== Task goal ==
In the material below, begin at the line that has "Used 2014 Harley-Davidson", stop after the line that has "5 Best adventure touring motorcycle", and transcribe those lines exactly, without pictures.

══ Data extract

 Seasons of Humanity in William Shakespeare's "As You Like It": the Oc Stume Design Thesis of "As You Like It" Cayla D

════
══ Data extract

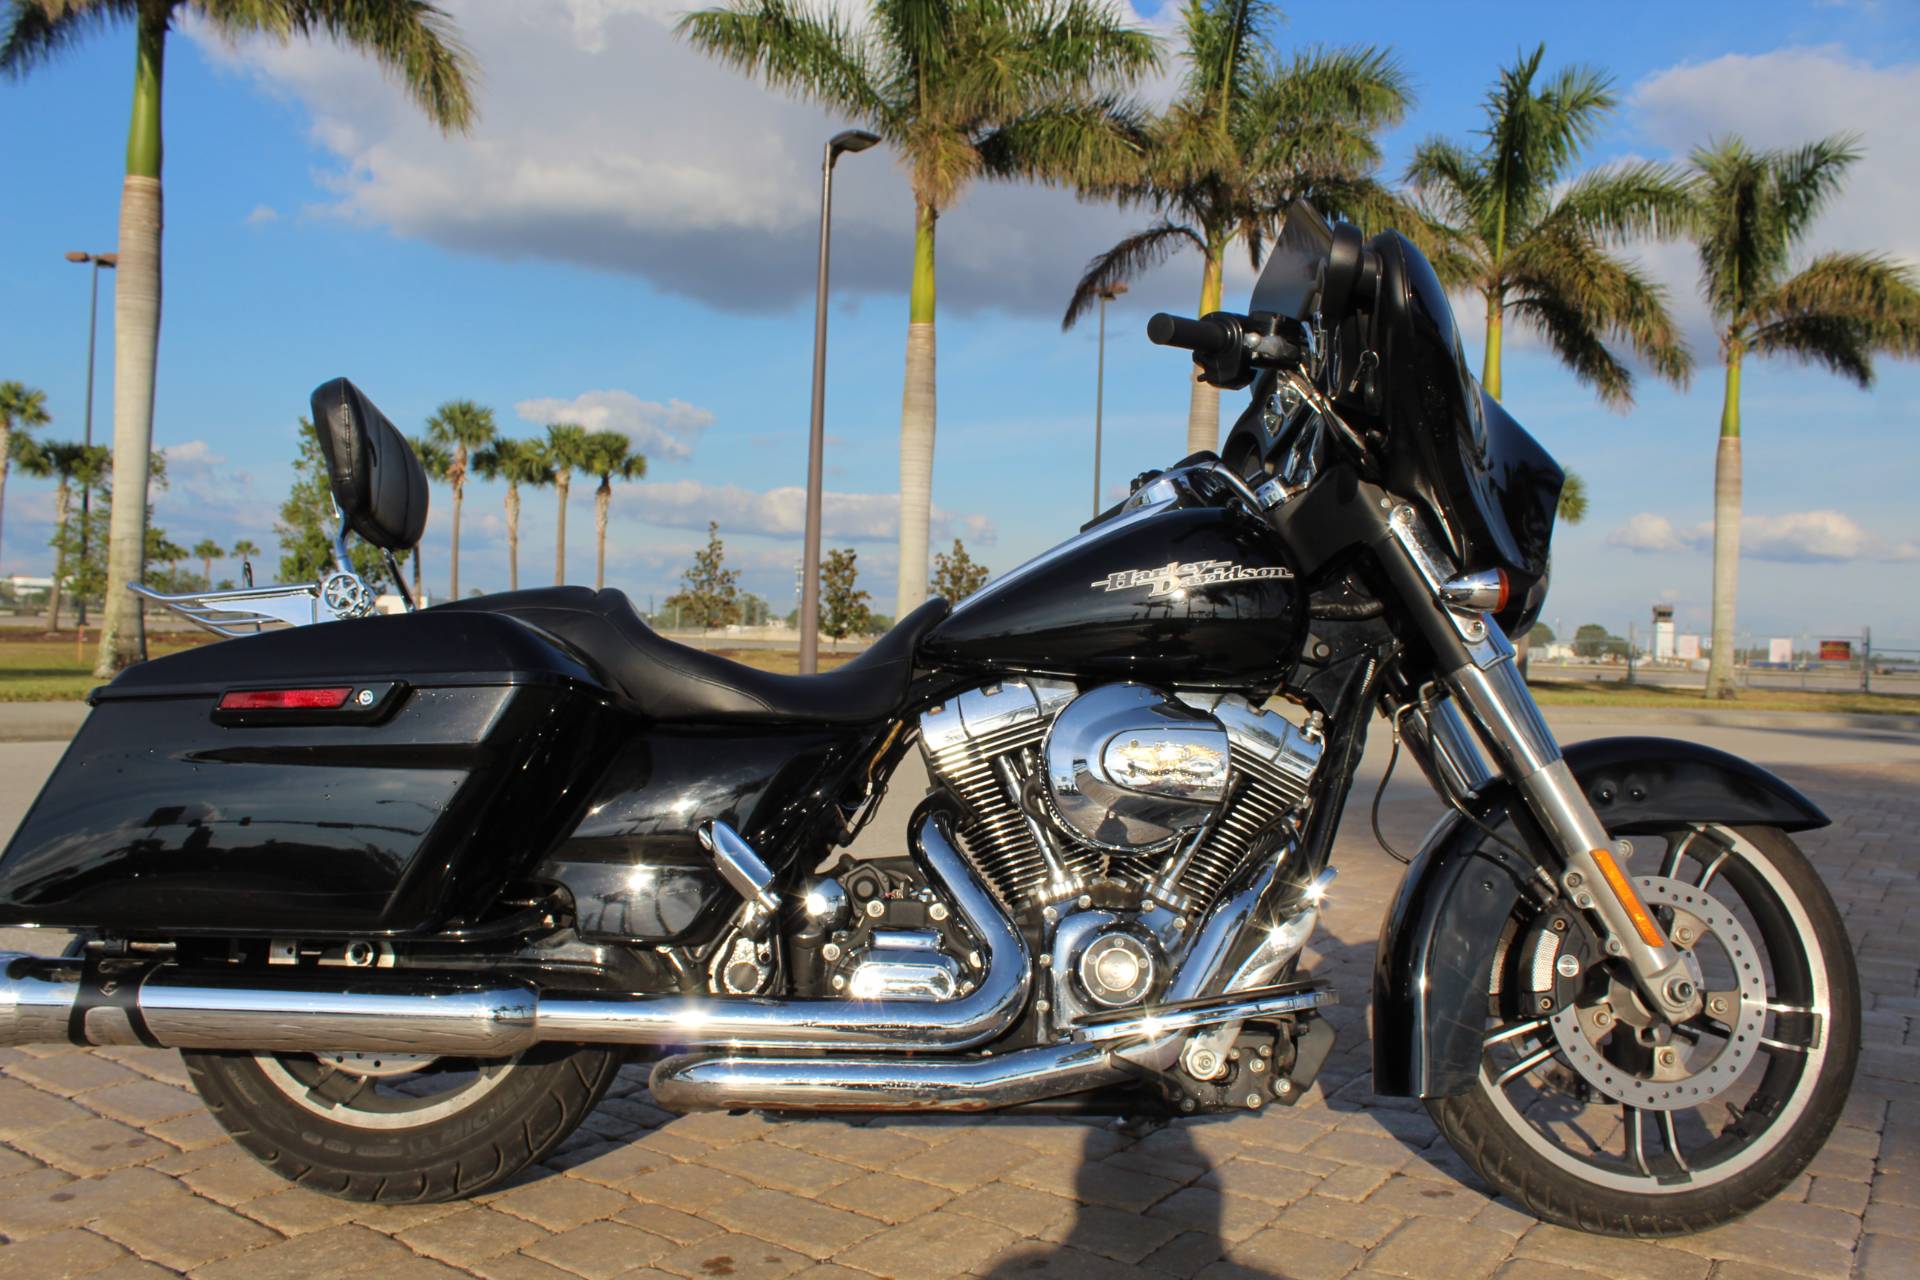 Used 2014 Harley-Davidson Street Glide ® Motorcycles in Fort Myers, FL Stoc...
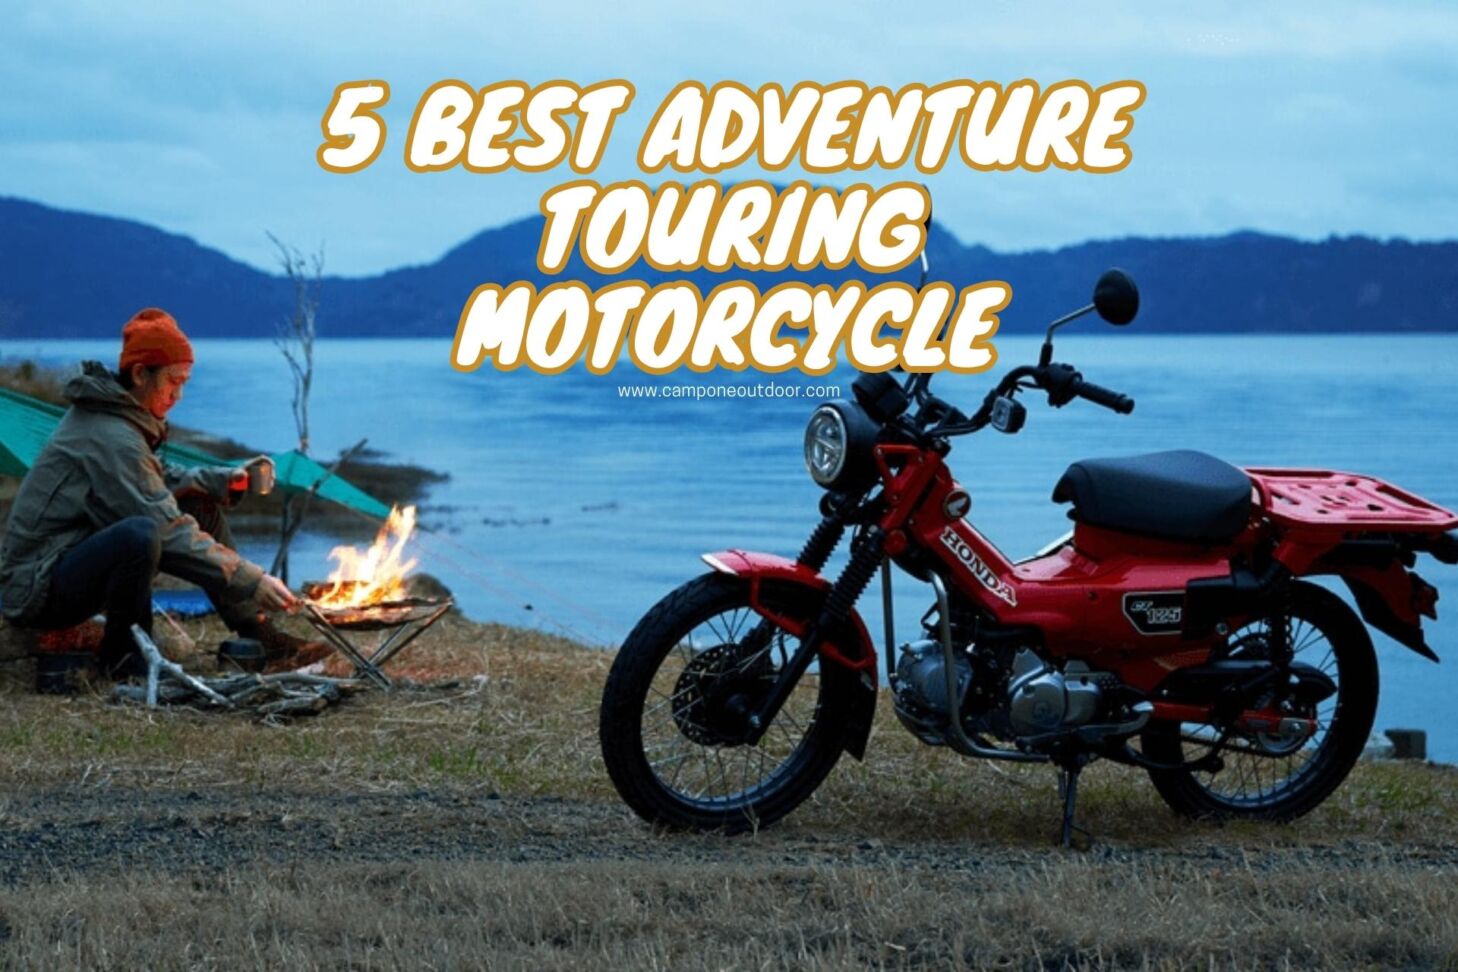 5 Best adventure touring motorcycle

════
══ Data extract

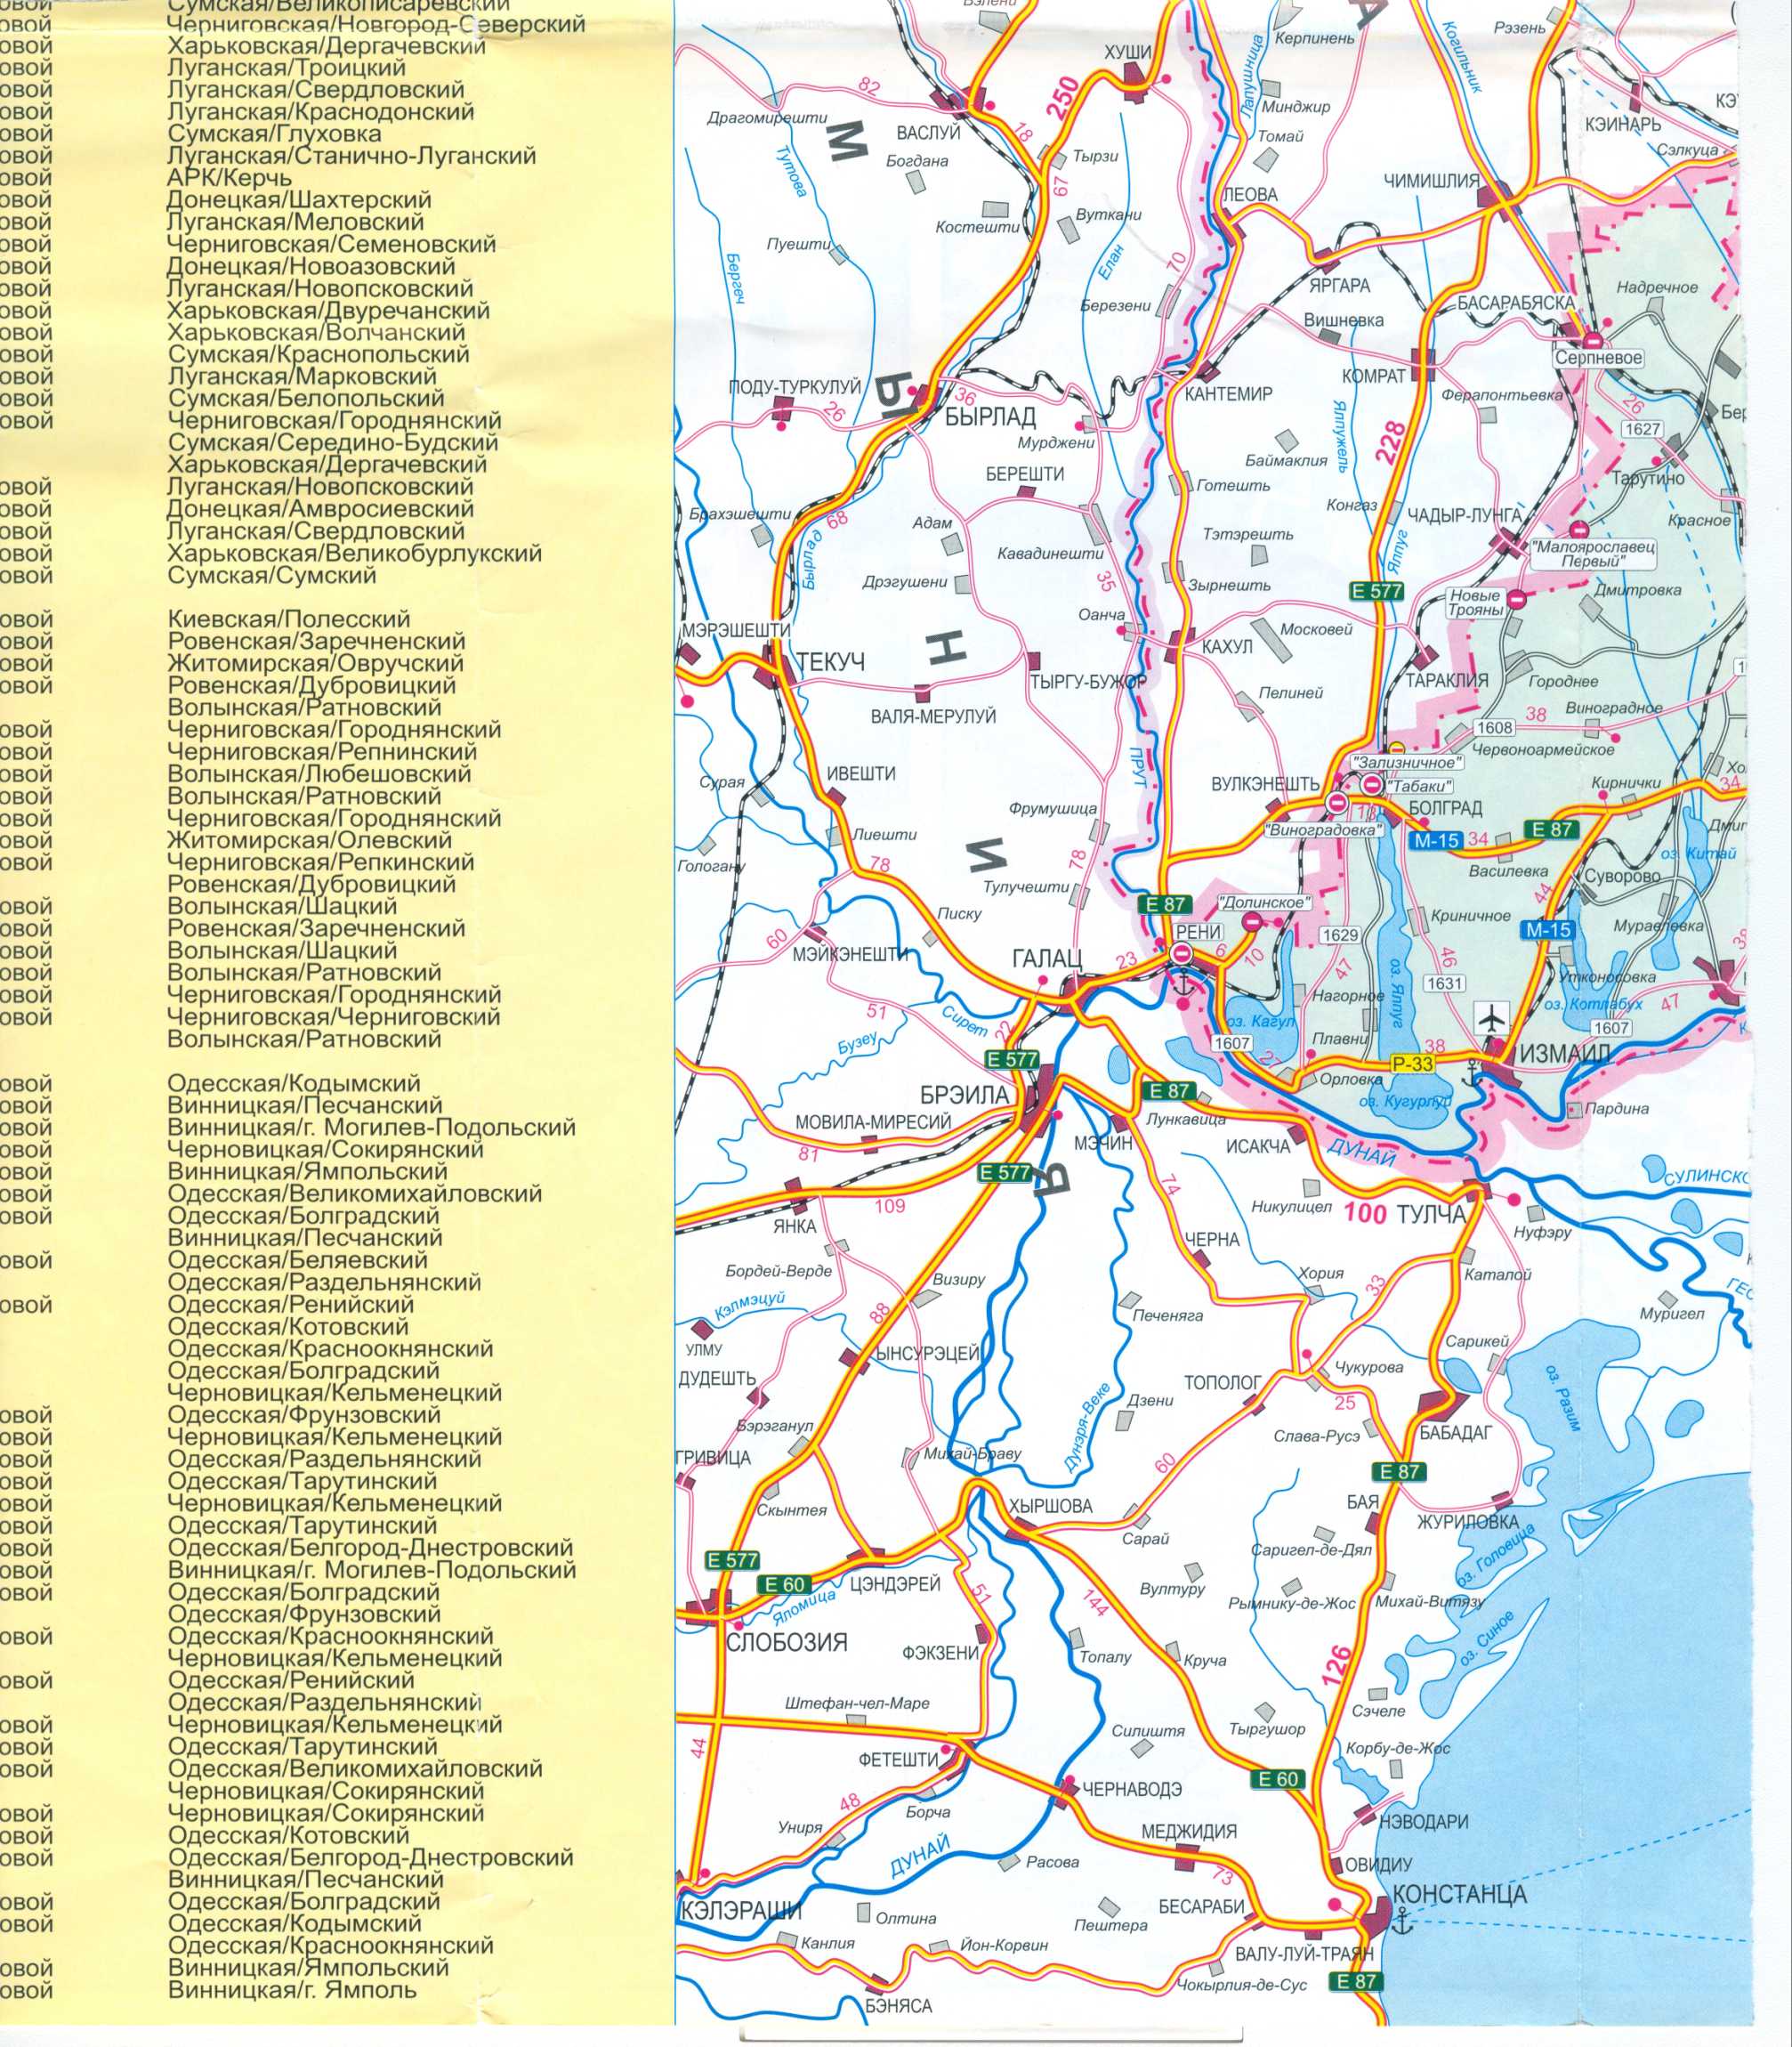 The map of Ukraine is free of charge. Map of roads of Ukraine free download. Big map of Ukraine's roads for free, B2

════

== Result for this task ==
 Used 2014 Harley-Davidson Street Glide ® Motorcycles in Fort Myers, FL Stoc...
 5 Best adventure touring motorcycle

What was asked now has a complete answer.